**What the task asks:**
Would you return exactly the lines below from the line with "GreyGrey Designs Casino 40th Birthday Party" through the line with "the terraced rice", both included, and nothing else, leaving out the pictures?

**Source data:**
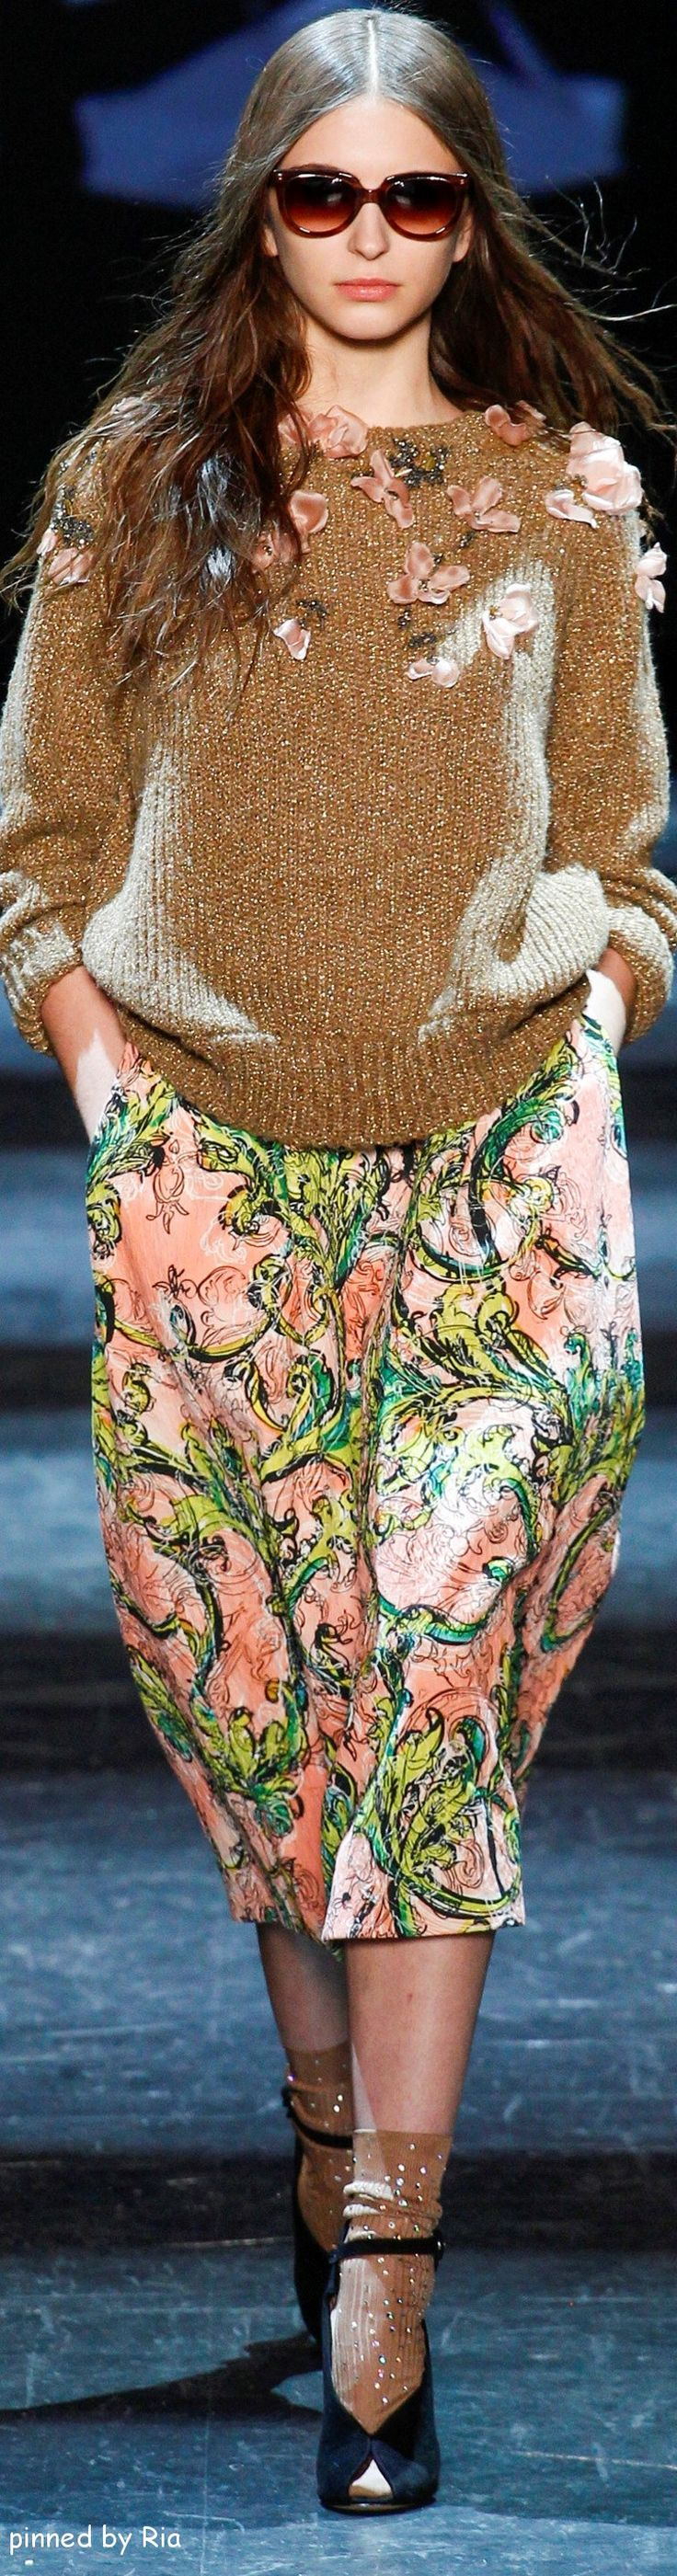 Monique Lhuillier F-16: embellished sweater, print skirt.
...
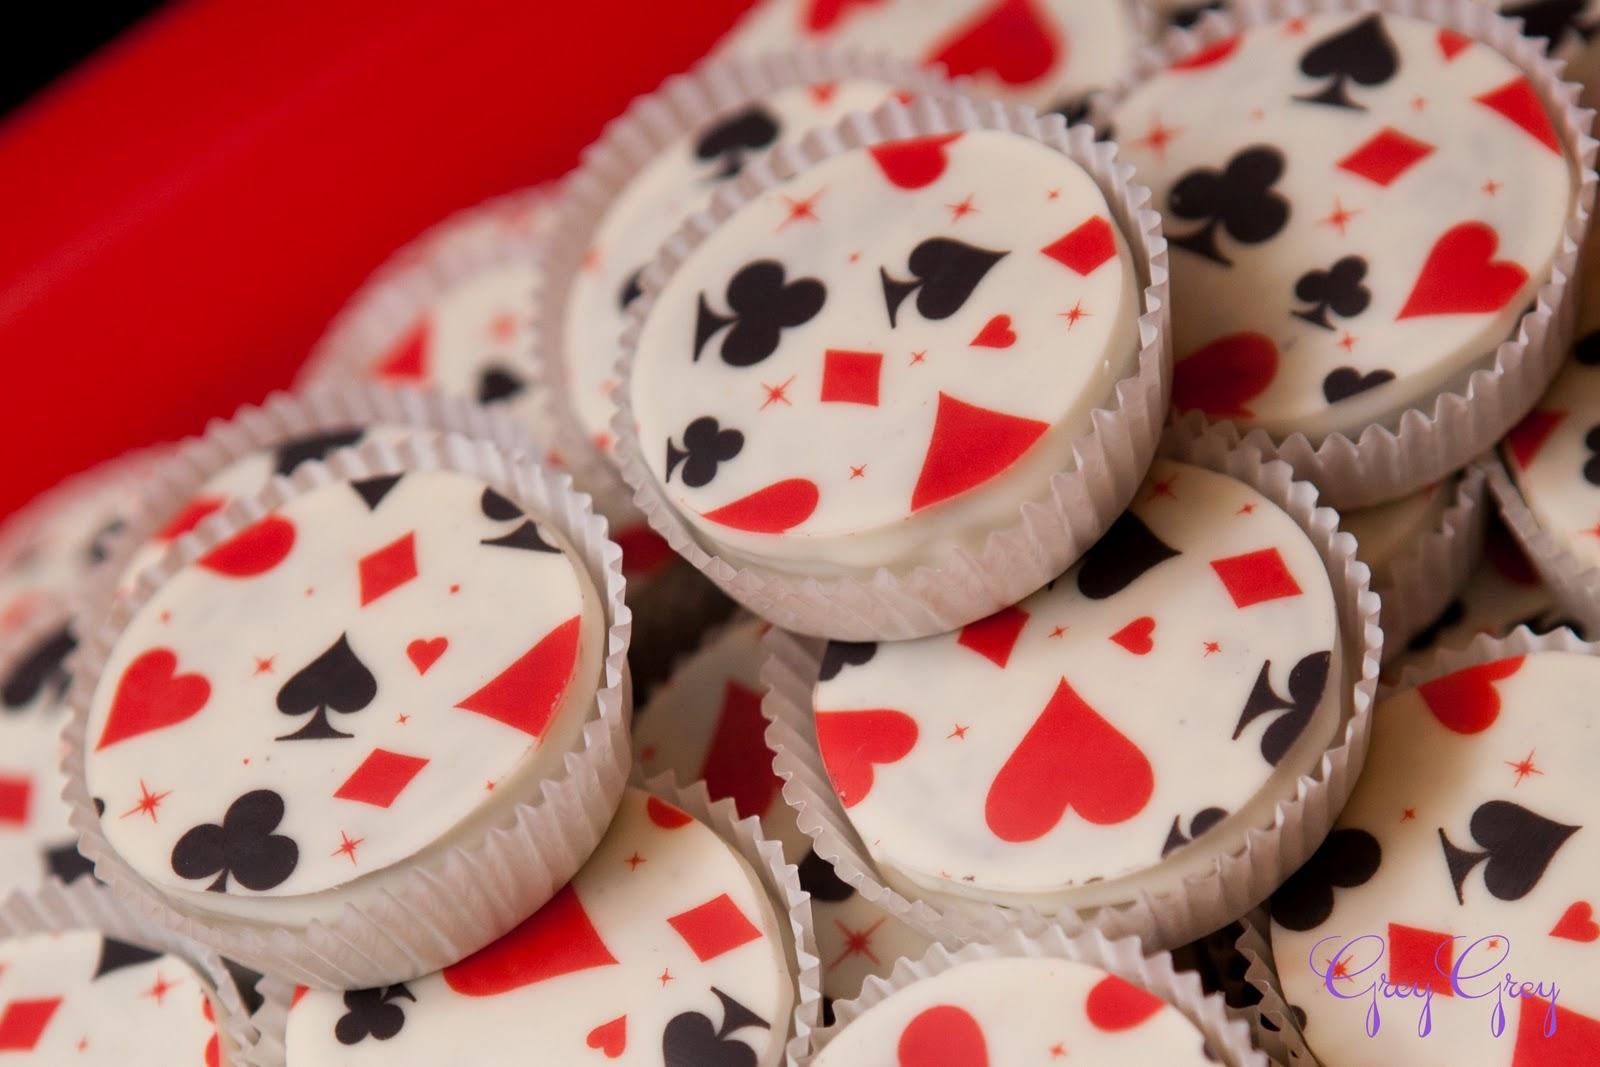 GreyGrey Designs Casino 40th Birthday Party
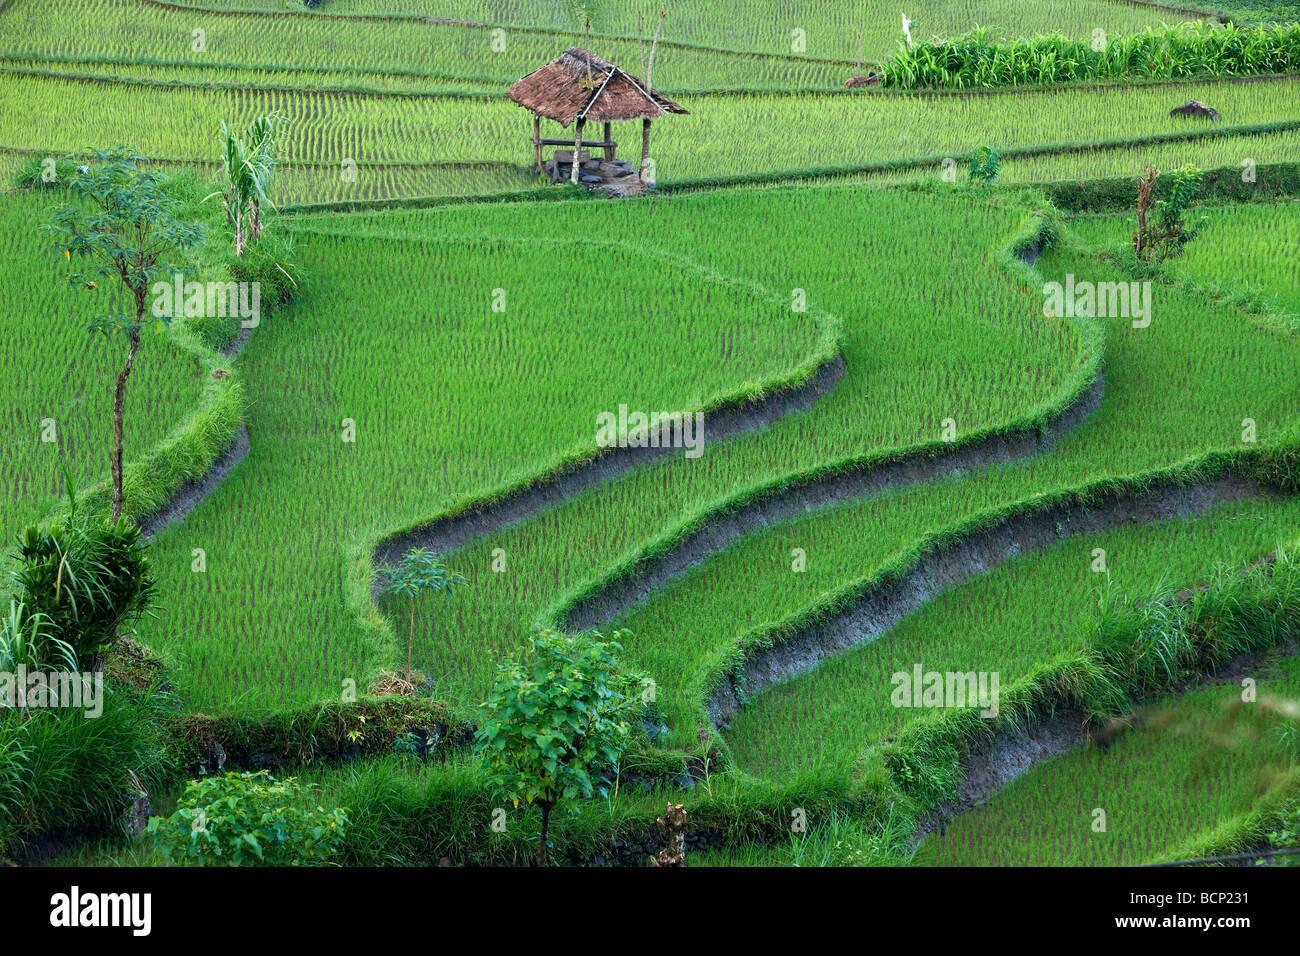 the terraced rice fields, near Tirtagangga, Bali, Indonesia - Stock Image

**Result for this exercise:**
 GreyGrey Designs Casino 40th Birthday Party
 the terraced rice fields, near Tirtagangga, Bali, Indonesia - Stock Image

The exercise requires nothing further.